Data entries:
= = =
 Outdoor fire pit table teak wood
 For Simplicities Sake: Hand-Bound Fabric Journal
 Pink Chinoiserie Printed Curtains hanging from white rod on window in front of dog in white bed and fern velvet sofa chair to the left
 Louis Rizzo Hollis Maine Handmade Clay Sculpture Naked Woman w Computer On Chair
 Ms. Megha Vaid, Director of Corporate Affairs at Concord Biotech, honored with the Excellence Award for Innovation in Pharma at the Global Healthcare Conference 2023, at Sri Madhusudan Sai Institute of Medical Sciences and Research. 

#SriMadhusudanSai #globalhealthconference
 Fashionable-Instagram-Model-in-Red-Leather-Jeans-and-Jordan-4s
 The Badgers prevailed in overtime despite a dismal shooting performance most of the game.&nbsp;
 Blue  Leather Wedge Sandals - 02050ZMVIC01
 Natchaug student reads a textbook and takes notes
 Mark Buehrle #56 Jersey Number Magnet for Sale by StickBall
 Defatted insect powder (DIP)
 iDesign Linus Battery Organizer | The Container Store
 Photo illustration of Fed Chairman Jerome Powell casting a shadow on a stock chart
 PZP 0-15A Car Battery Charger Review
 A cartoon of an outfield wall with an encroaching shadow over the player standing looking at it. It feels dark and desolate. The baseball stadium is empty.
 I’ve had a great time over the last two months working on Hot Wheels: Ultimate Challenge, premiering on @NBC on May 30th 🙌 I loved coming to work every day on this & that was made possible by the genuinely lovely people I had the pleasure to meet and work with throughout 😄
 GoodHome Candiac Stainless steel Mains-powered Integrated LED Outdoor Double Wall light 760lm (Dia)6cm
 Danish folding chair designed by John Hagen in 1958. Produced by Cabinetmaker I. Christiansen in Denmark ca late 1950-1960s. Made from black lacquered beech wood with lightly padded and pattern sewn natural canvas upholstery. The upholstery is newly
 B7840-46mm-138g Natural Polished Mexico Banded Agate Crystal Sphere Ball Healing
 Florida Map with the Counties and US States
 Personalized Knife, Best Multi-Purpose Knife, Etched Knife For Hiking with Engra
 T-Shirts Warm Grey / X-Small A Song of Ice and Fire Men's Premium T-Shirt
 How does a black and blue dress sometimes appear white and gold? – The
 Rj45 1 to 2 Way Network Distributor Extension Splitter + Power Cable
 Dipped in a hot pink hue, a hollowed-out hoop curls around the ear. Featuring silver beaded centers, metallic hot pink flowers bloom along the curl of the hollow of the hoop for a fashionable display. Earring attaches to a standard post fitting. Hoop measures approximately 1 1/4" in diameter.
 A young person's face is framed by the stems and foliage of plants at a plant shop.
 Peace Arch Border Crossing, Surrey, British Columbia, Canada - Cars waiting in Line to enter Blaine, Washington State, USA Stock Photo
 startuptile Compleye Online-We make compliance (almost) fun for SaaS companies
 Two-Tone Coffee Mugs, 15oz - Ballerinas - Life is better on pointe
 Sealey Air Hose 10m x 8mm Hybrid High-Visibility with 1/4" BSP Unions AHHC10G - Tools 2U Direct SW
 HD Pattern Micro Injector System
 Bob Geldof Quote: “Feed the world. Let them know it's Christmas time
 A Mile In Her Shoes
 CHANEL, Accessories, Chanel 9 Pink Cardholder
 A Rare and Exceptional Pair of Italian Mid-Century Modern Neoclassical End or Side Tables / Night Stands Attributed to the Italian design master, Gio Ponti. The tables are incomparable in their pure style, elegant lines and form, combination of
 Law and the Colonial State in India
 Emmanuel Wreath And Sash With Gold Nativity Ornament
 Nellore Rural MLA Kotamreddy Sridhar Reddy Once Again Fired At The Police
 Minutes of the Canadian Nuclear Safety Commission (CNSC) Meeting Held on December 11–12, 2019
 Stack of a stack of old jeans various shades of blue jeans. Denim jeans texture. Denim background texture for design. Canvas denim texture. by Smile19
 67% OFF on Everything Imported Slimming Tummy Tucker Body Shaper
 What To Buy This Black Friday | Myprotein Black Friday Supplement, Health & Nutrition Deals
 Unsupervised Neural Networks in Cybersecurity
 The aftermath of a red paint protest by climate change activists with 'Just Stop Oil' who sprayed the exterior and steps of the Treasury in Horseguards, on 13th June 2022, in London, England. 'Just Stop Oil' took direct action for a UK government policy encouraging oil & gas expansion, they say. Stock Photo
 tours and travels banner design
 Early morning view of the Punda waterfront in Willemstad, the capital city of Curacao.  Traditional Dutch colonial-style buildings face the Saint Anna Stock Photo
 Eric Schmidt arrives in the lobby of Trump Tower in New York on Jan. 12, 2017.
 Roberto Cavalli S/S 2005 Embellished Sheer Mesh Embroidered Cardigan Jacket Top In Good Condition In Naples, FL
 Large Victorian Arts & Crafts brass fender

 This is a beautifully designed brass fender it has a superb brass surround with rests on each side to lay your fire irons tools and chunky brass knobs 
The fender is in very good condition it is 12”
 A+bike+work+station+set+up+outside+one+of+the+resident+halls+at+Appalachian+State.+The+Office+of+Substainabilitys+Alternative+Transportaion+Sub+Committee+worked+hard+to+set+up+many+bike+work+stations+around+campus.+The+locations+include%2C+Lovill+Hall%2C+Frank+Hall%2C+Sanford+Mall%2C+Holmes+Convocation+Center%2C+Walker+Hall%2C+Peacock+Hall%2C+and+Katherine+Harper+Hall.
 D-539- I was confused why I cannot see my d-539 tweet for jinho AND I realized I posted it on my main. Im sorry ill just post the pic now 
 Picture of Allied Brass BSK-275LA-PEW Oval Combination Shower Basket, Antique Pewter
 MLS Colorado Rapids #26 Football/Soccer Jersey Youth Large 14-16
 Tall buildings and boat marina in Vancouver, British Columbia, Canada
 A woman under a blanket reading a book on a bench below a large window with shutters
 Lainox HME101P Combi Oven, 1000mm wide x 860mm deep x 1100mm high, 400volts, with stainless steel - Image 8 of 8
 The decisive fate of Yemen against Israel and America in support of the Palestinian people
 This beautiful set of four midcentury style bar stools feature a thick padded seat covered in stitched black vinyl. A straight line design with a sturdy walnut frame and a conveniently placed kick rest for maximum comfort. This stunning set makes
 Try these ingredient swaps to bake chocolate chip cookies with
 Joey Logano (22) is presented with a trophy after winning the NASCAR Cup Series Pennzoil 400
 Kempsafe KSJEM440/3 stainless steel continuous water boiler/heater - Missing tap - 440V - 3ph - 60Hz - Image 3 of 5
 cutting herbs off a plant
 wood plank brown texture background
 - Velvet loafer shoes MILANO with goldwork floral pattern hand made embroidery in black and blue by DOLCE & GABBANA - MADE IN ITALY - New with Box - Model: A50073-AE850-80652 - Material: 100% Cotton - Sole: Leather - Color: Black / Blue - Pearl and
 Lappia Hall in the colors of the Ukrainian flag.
= = =
▸ Exercise details
From the records above, pull every line that carries the word "face".

▸ Output of the exercise
 A young person's face is framed by the stems and foliage of plants at a plant shop.
 Early morning view of the Punda waterfront in Willemstad, the capital city of Curacao.  Traditional Dutch colonial-style buildings face the Saint Anna Stock Photo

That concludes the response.